> What the exercise asks
A verbatim transcript of the data below is required, images omitted.

> Collected material
====

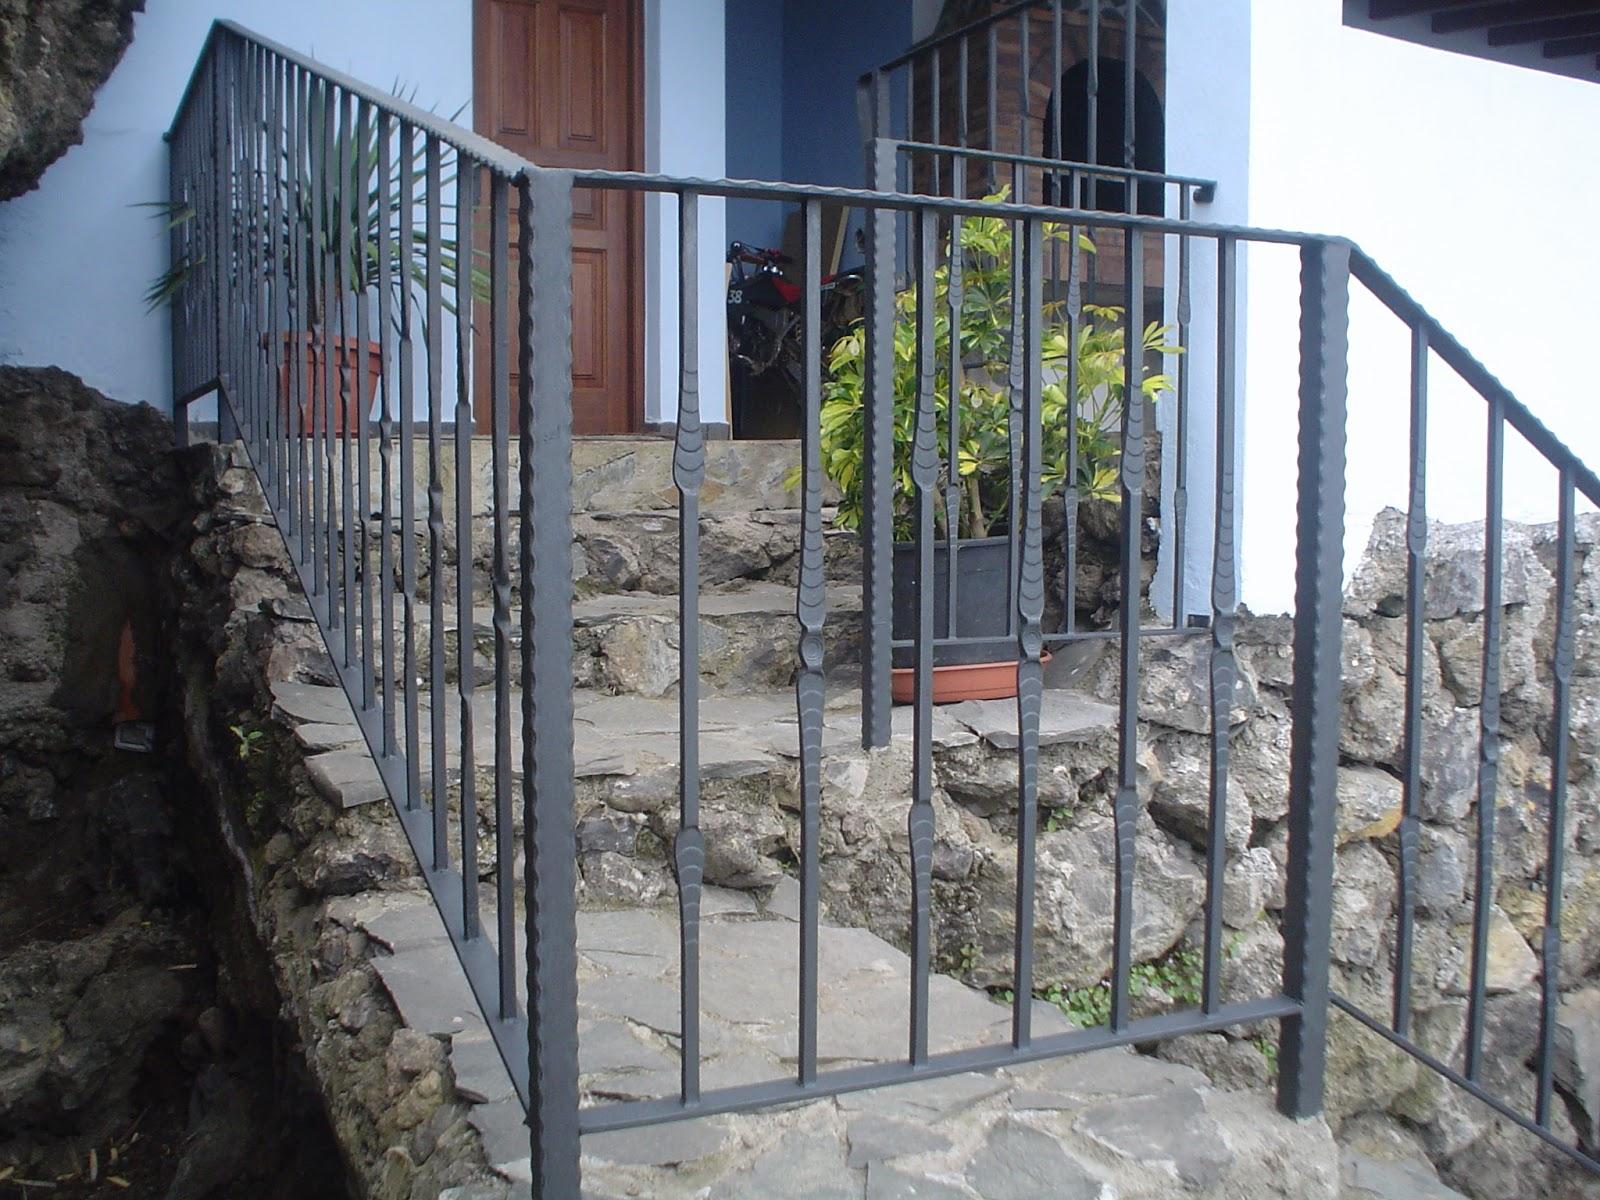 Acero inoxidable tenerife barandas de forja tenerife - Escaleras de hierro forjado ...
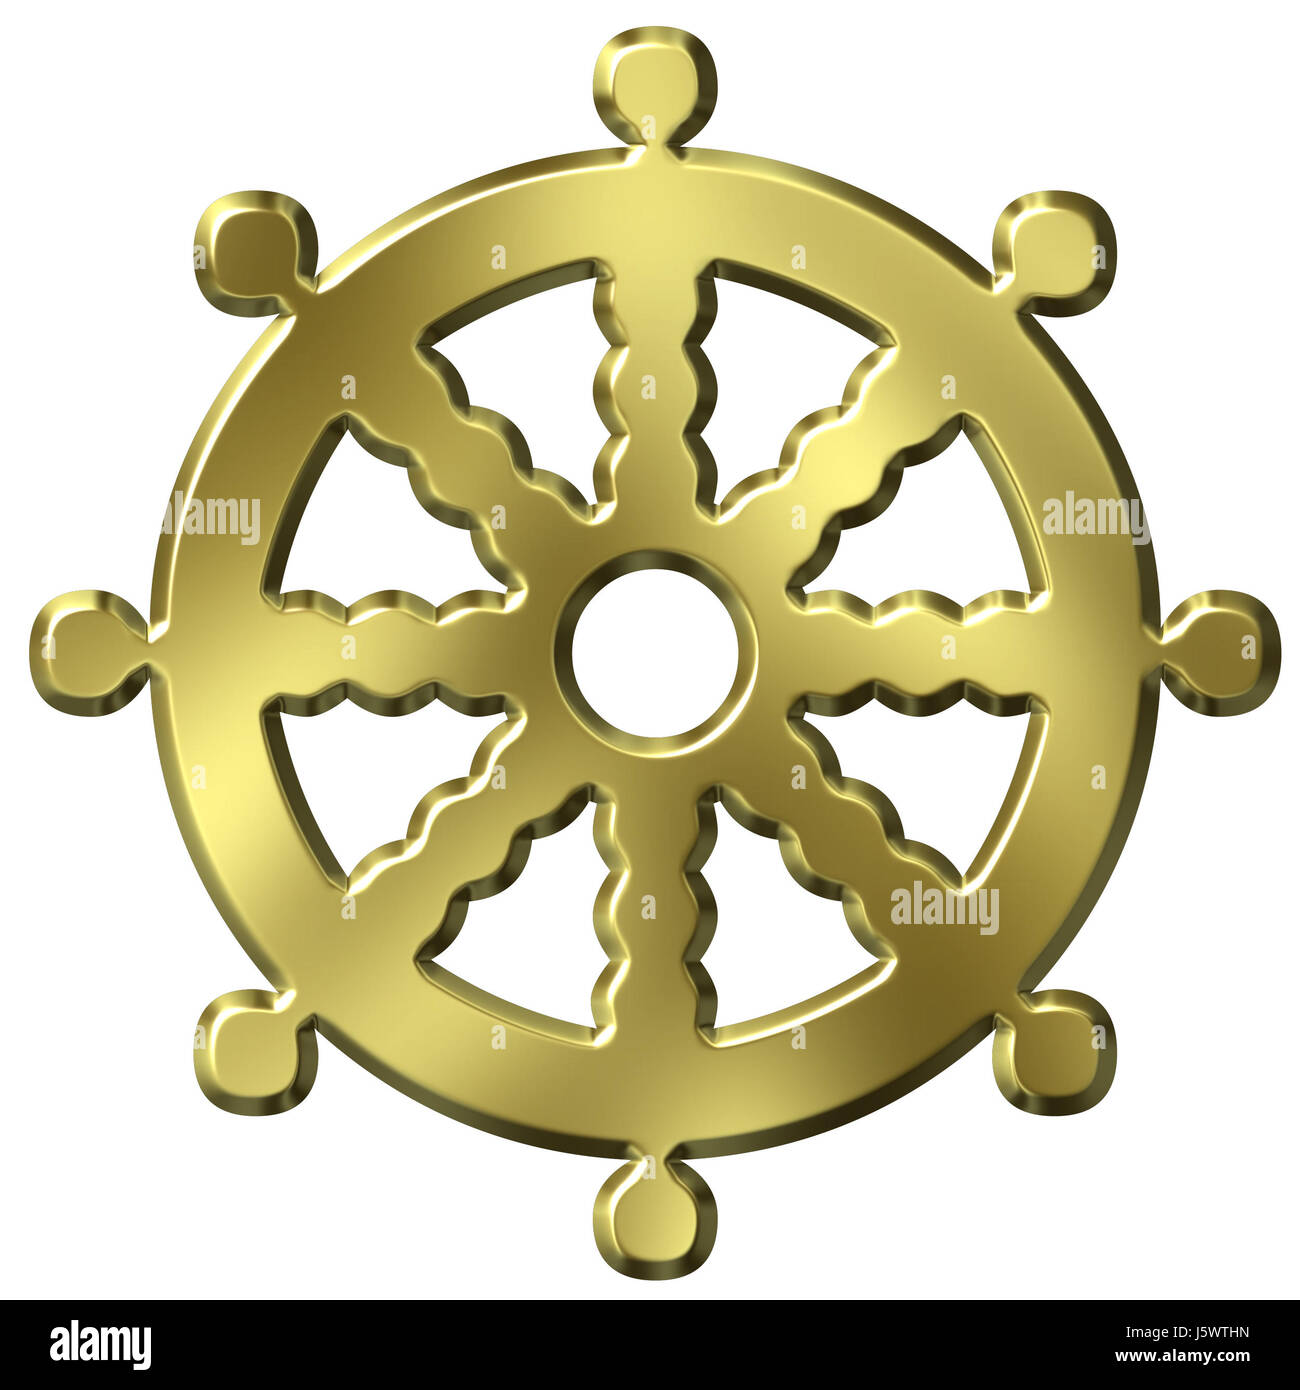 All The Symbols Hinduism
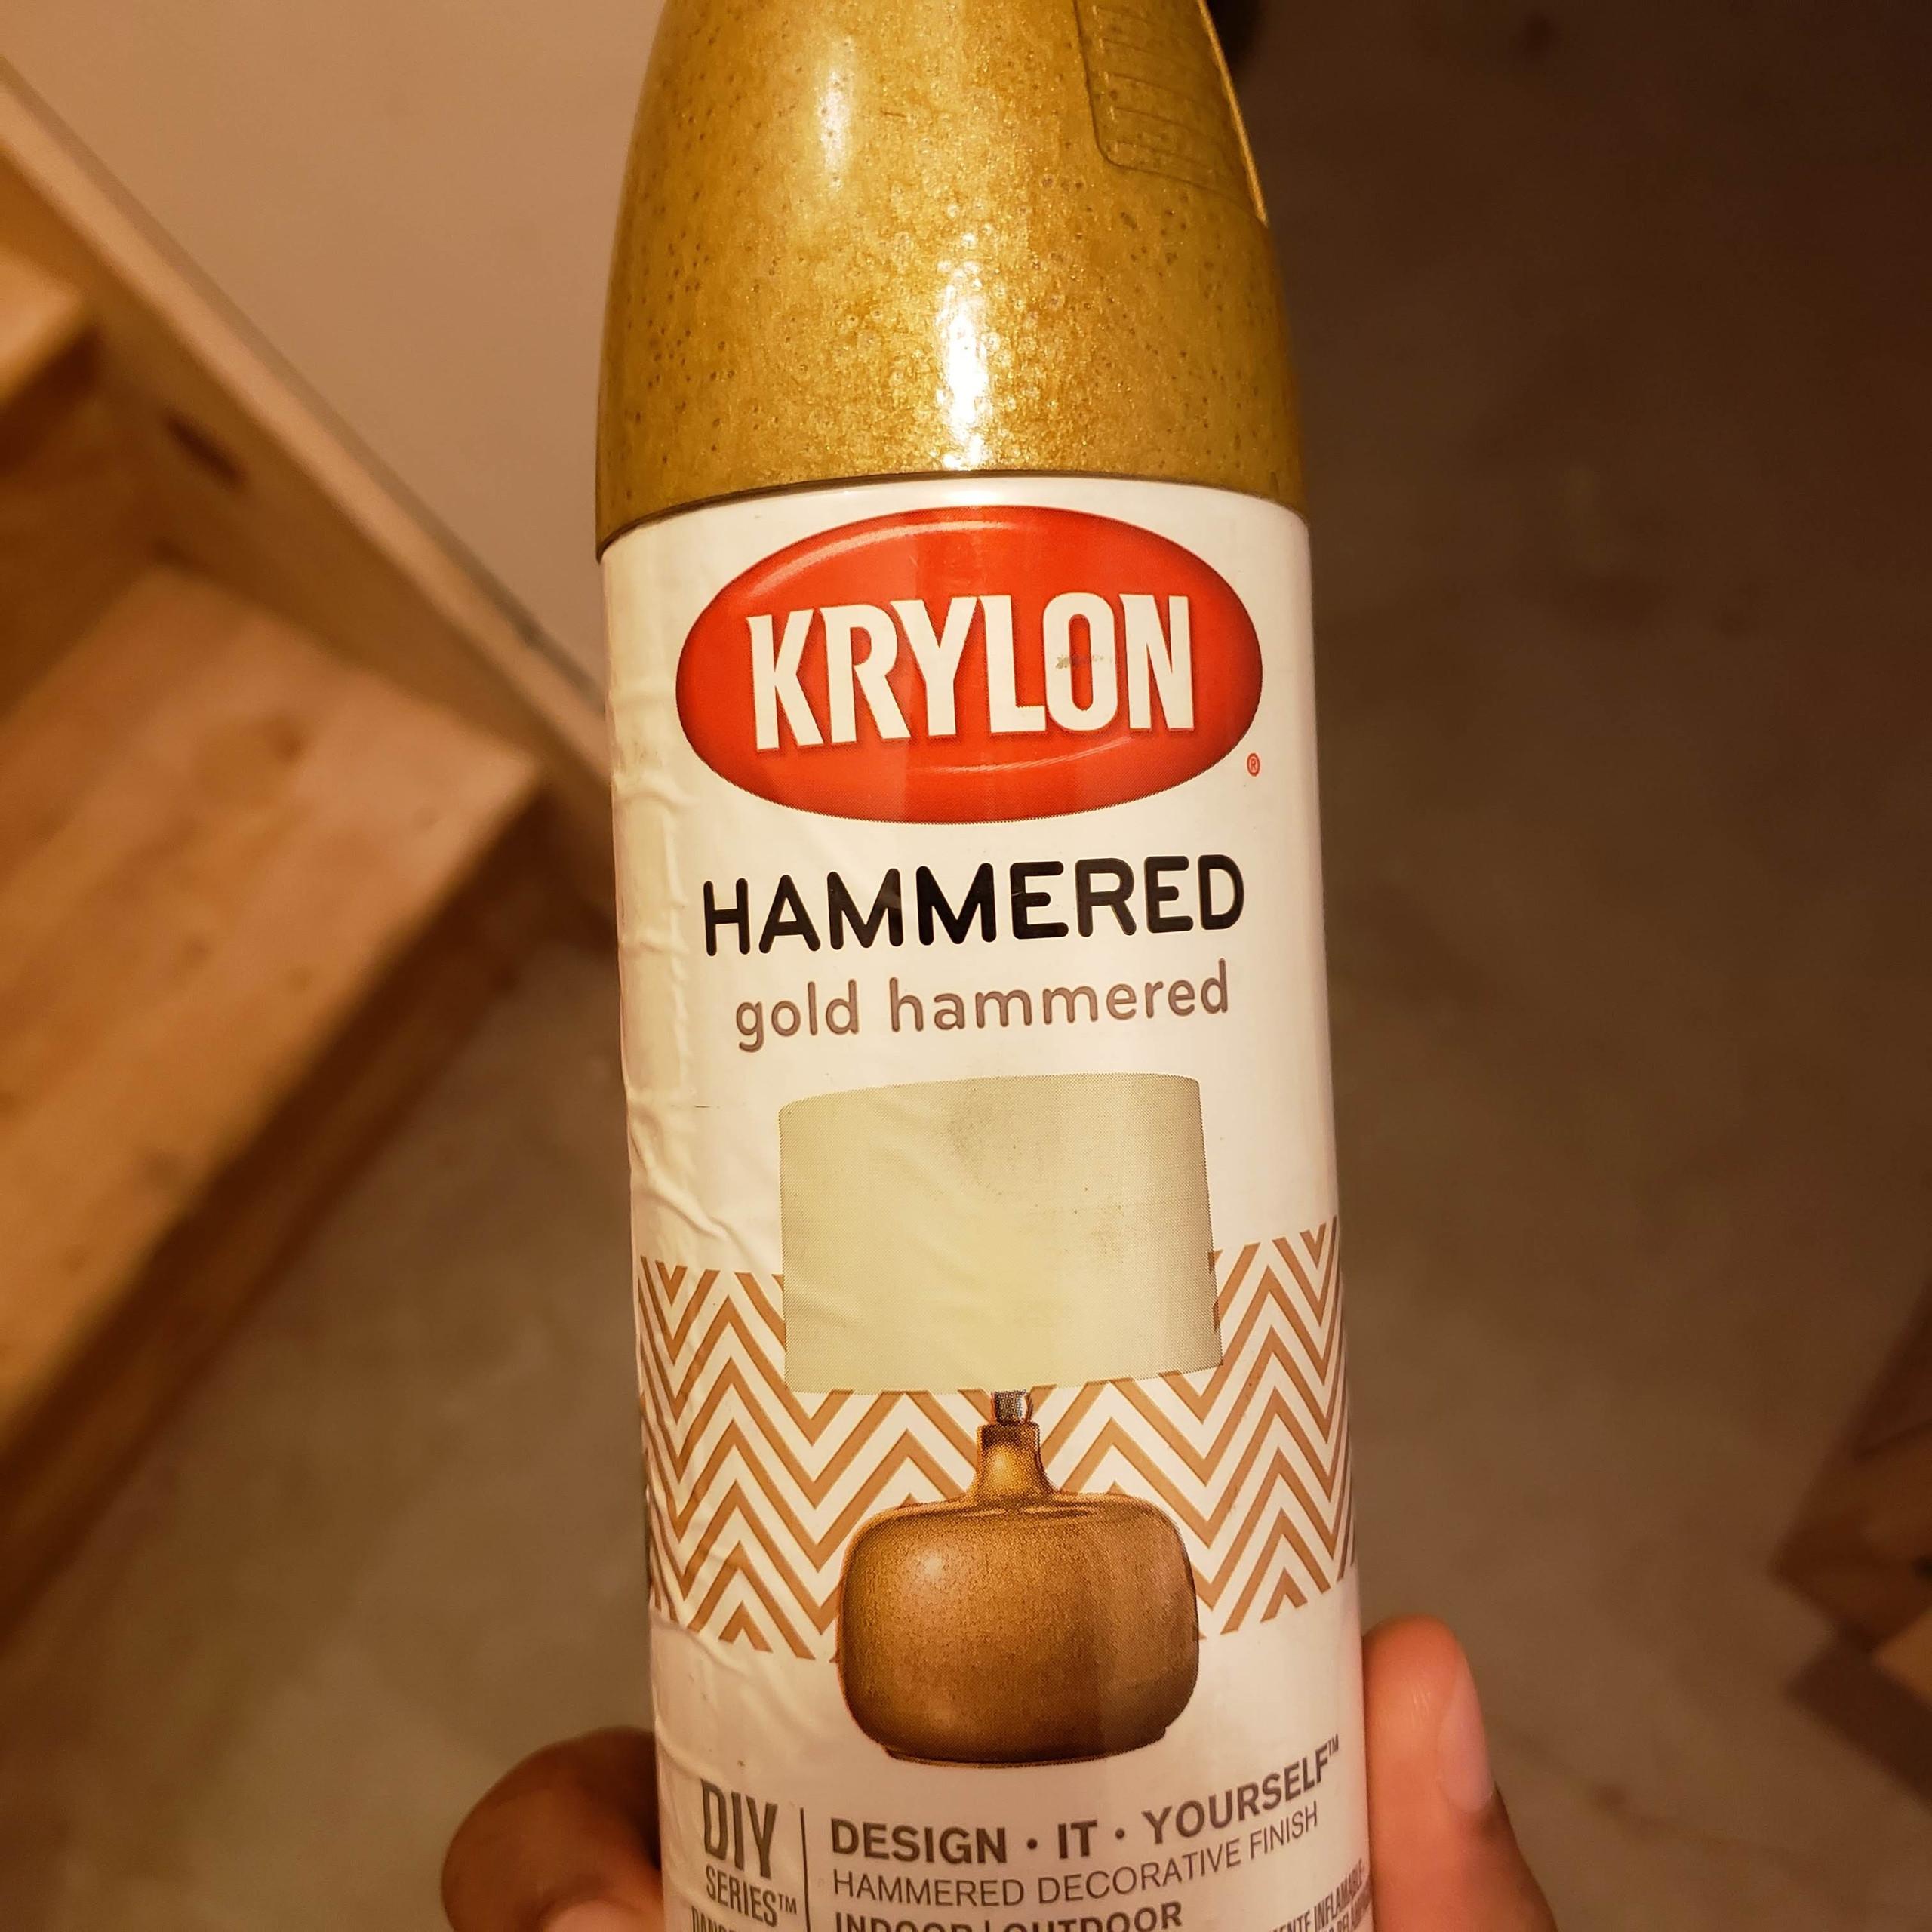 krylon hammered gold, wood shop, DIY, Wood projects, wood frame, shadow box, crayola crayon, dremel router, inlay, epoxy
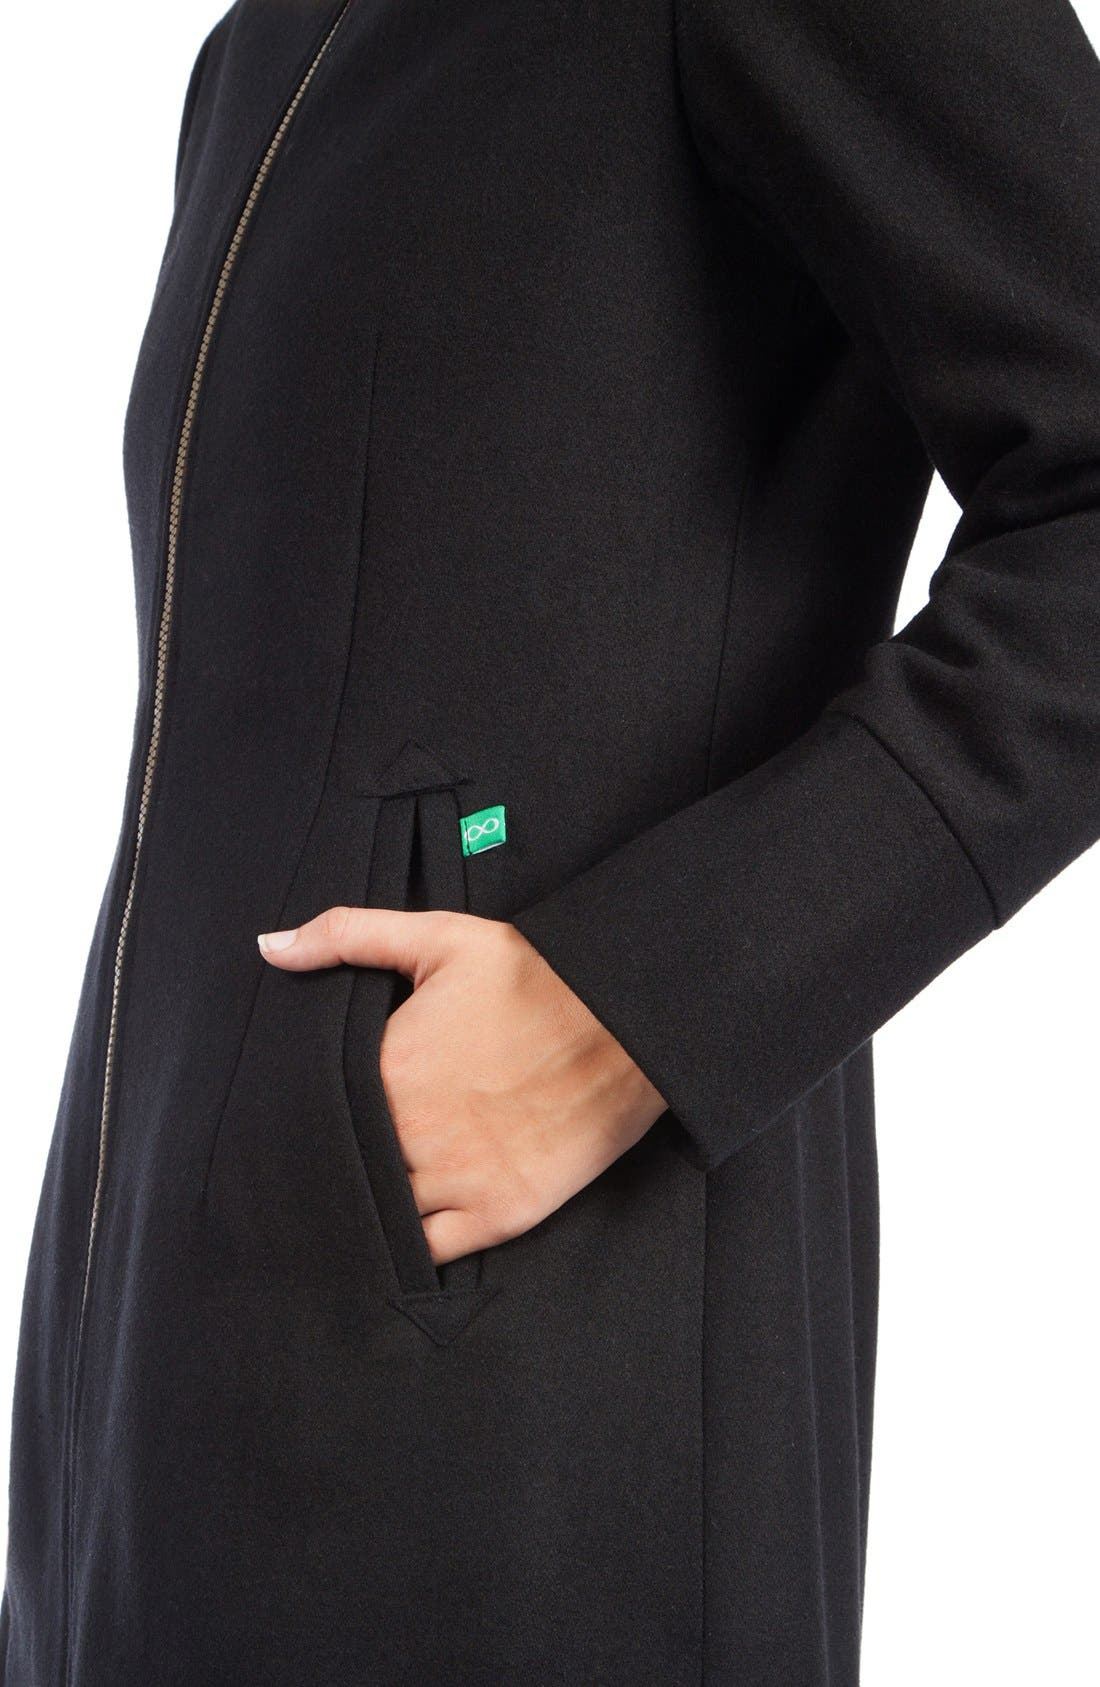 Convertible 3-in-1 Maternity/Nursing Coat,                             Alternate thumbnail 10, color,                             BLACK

====

> Finished exercise
 Acero inoxidable tenerife barandas de forja tenerife - Escaleras de hierro forjado ...
 All The Symbols Hinduism
 krylon hammered gold, wood shop, DIY, Wood projects, wood frame, shadow box, crayola crayon, dremel router, inlay, epoxy
 Convertible 3-in-1 Maternity/Nursing Coat,                             Alternate thumbnail 10, color,                             BLACK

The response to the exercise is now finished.